◆ Exercise details ◆
Using the records below, copy exactly the part that opens with the line holding "Sauvignon Blanc Glasses Set 2 Pcs-6" and closes with the line holding "Carhartt WIP - AIRWAVES", minus the pictures.

◆ Dataset entries ◆
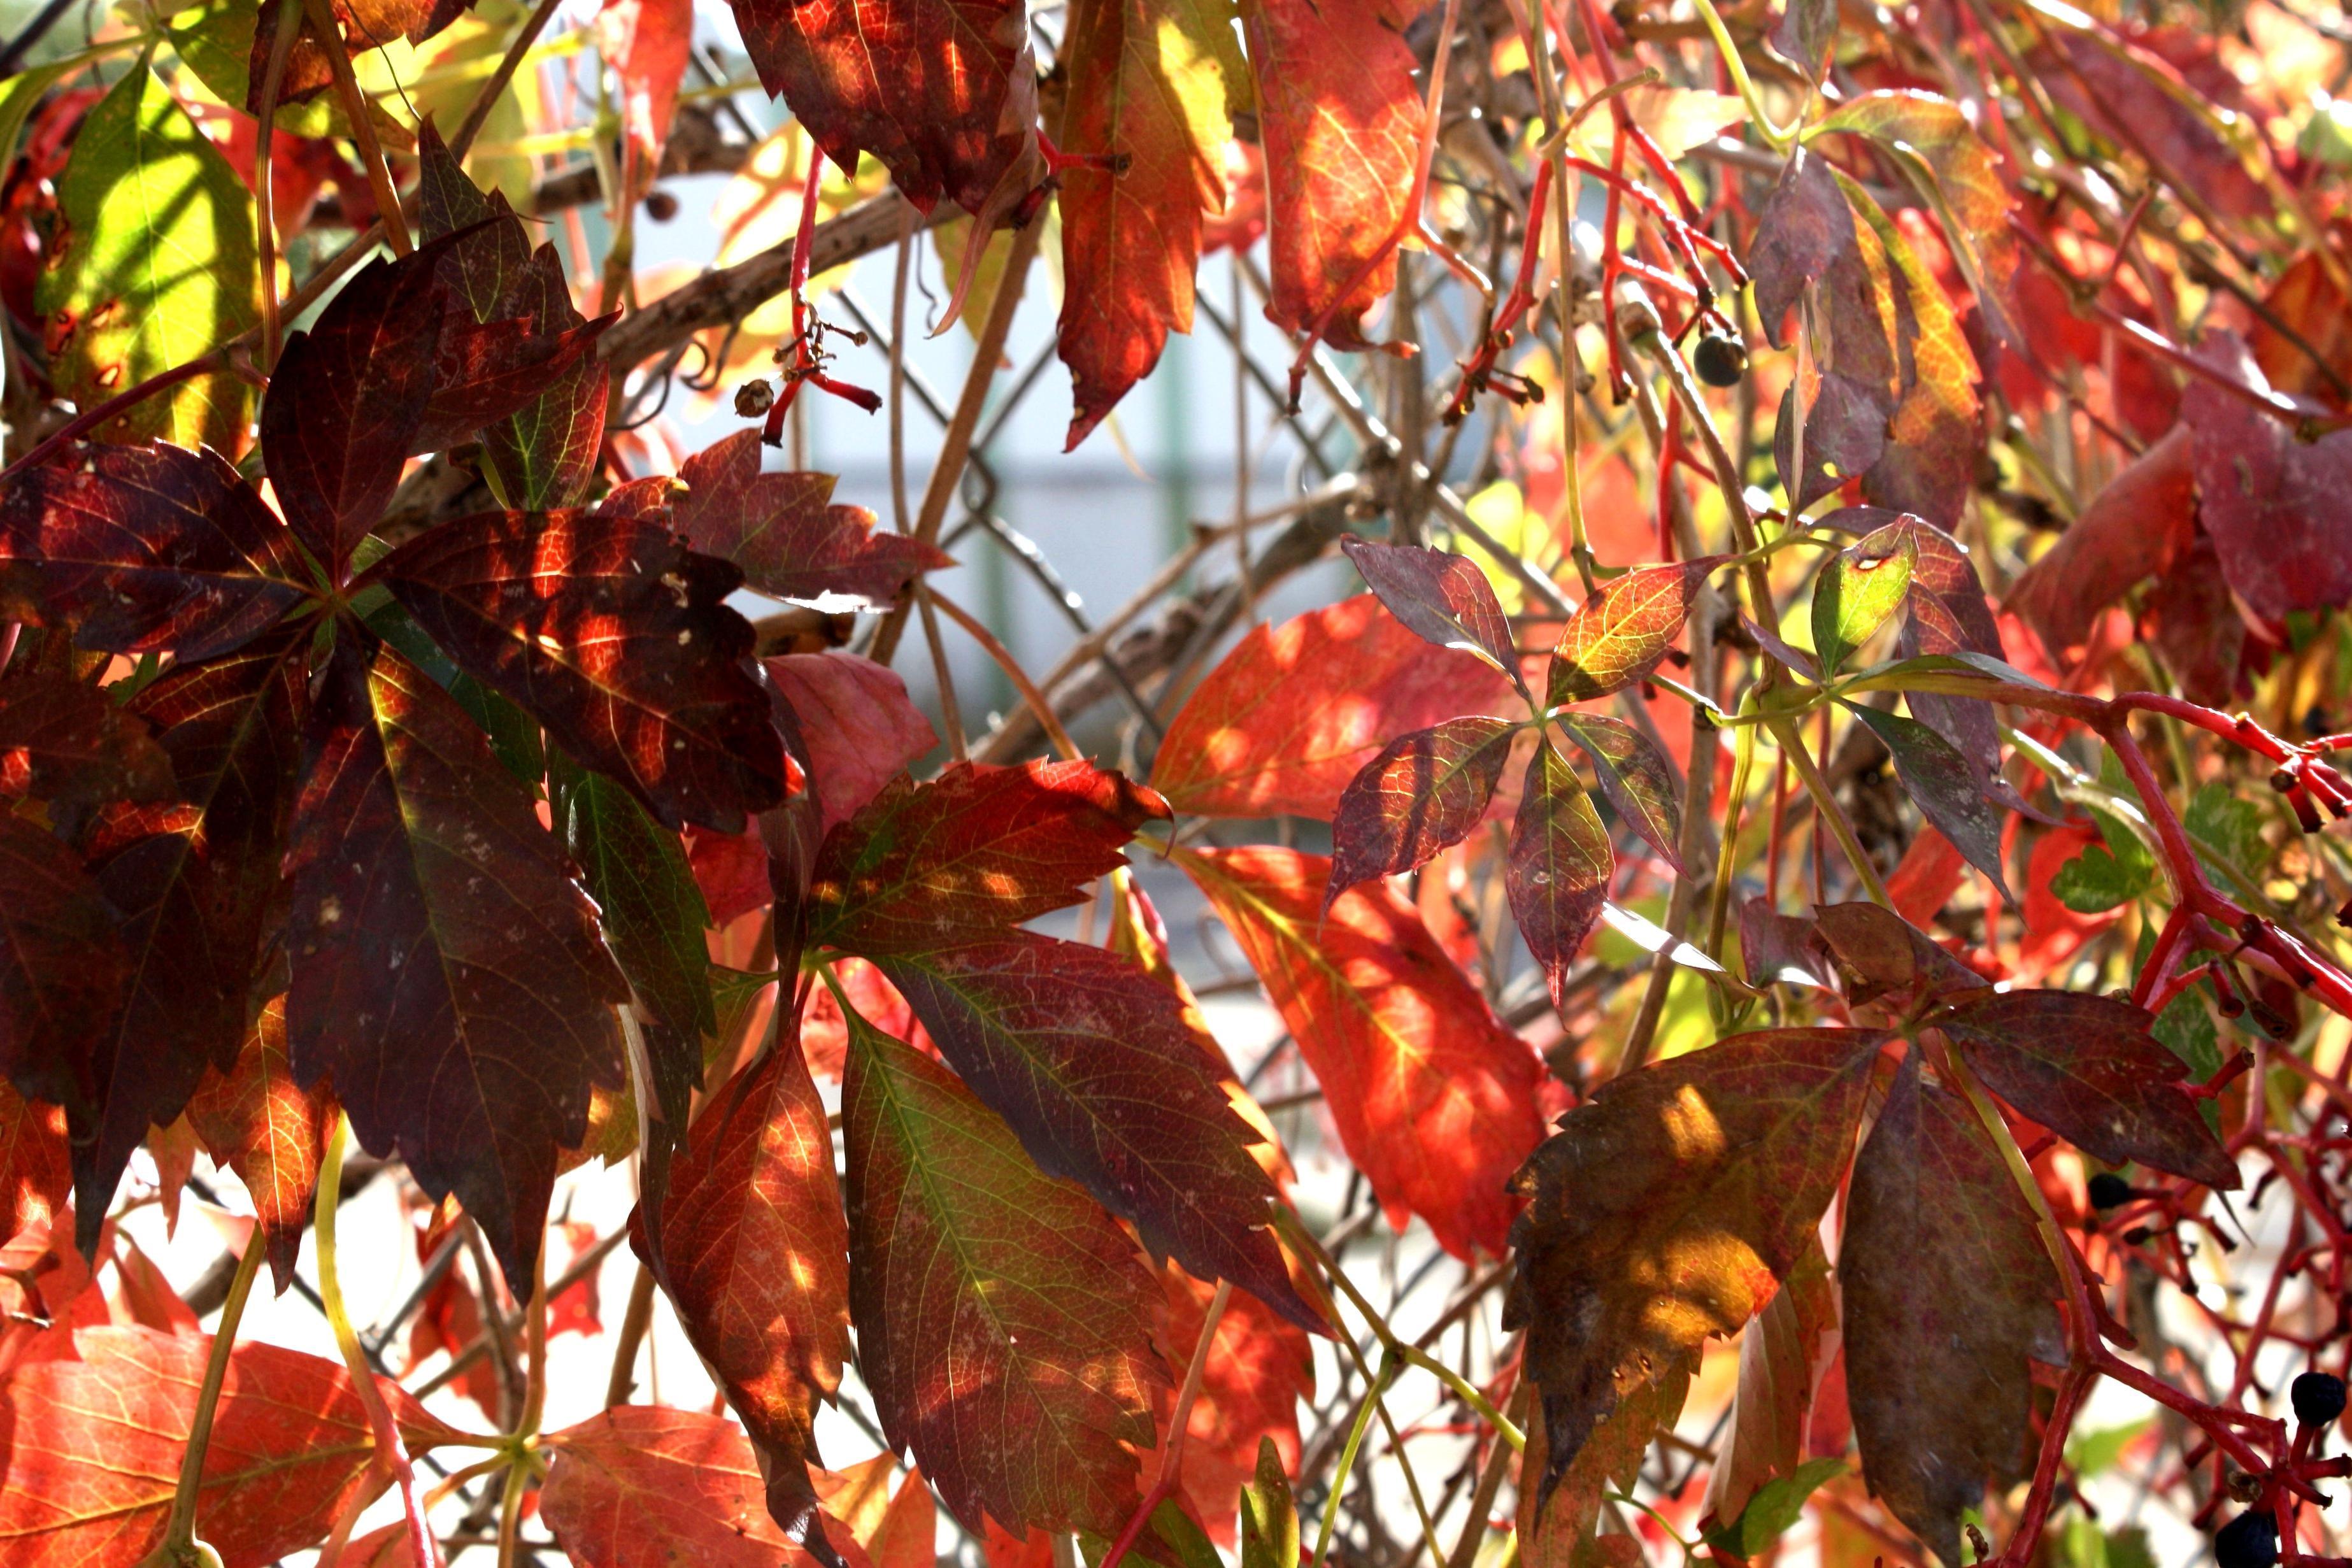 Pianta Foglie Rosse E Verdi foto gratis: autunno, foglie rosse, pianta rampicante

--

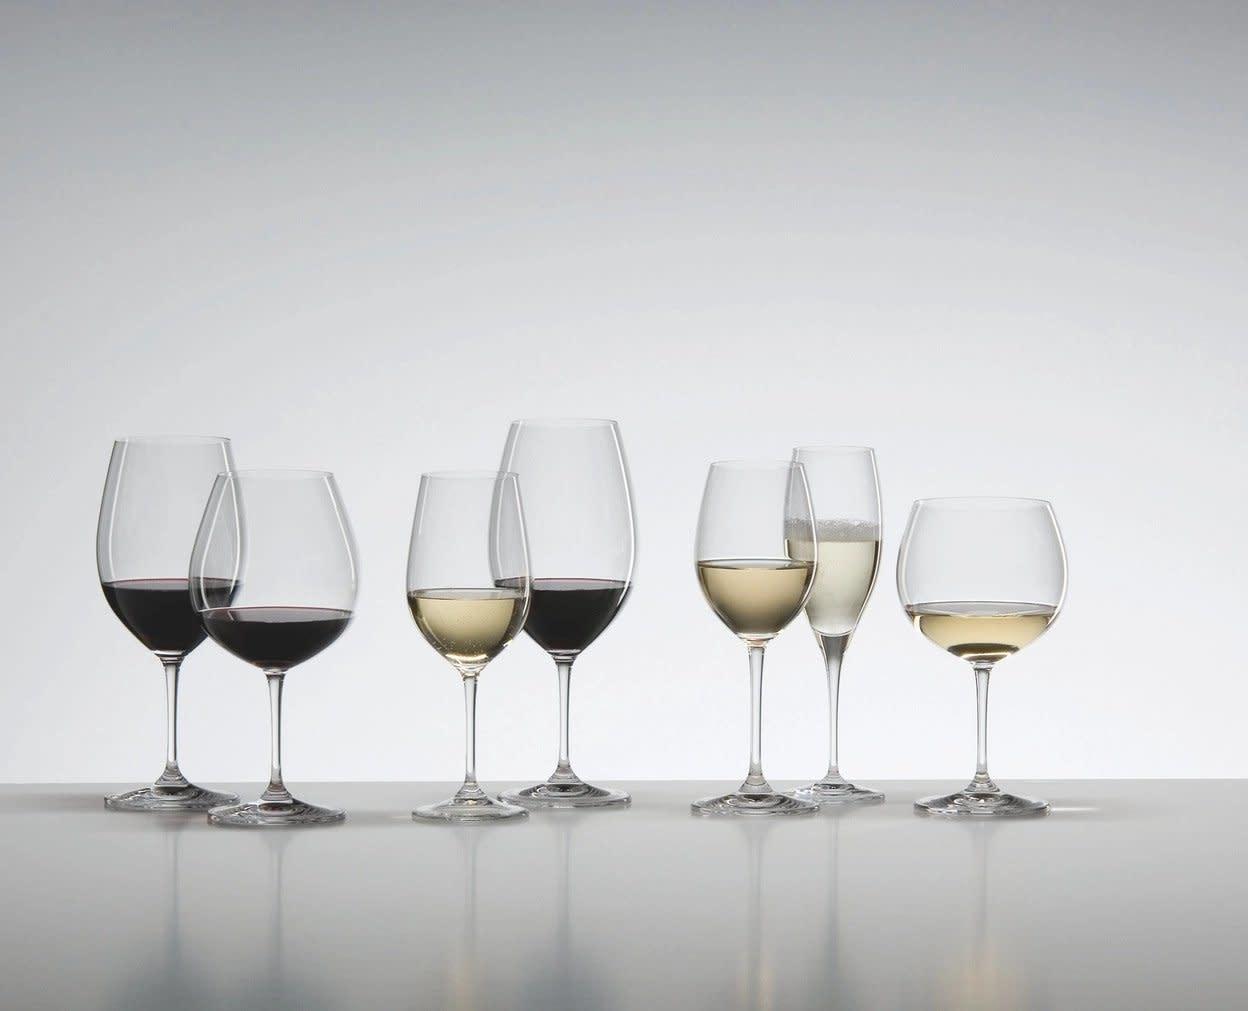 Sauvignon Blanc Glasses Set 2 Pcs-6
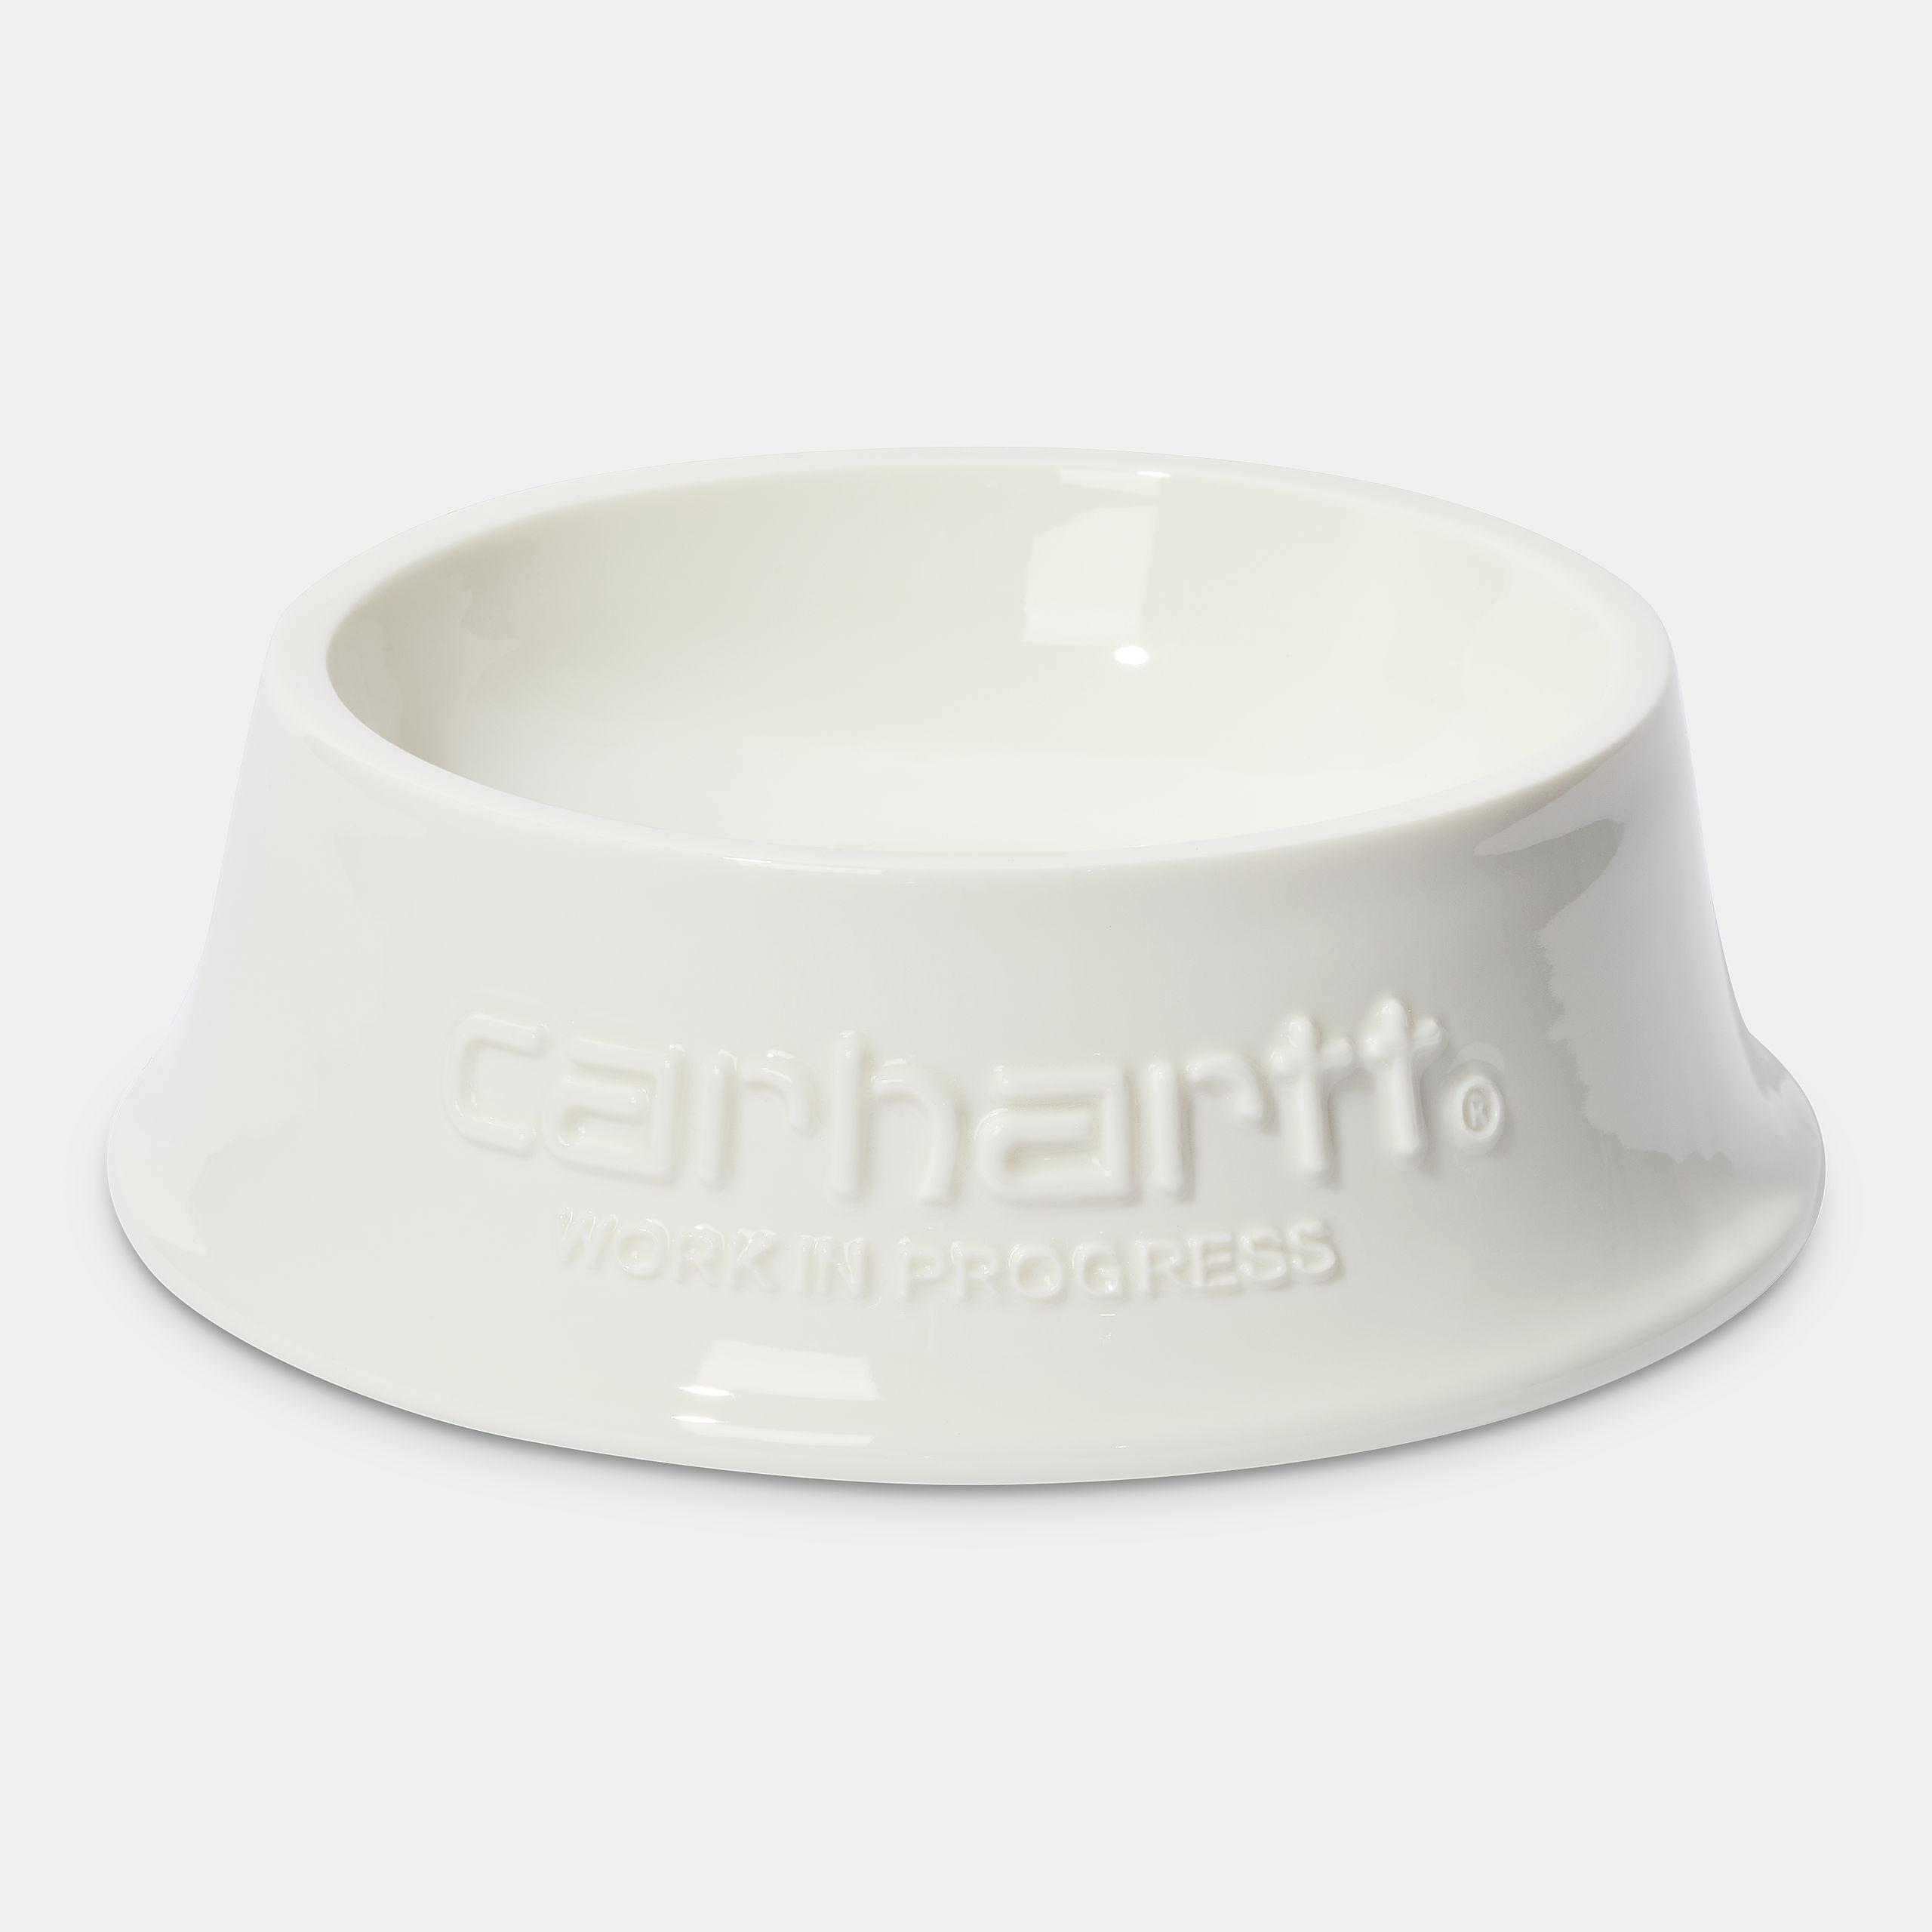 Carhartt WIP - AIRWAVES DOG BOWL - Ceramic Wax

◆ Exercise result ◆
 Sauvignon Blanc Glasses Set 2 Pcs-6
 Carhartt WIP - AIRWAVES DOG BOWL - Ceramic Wax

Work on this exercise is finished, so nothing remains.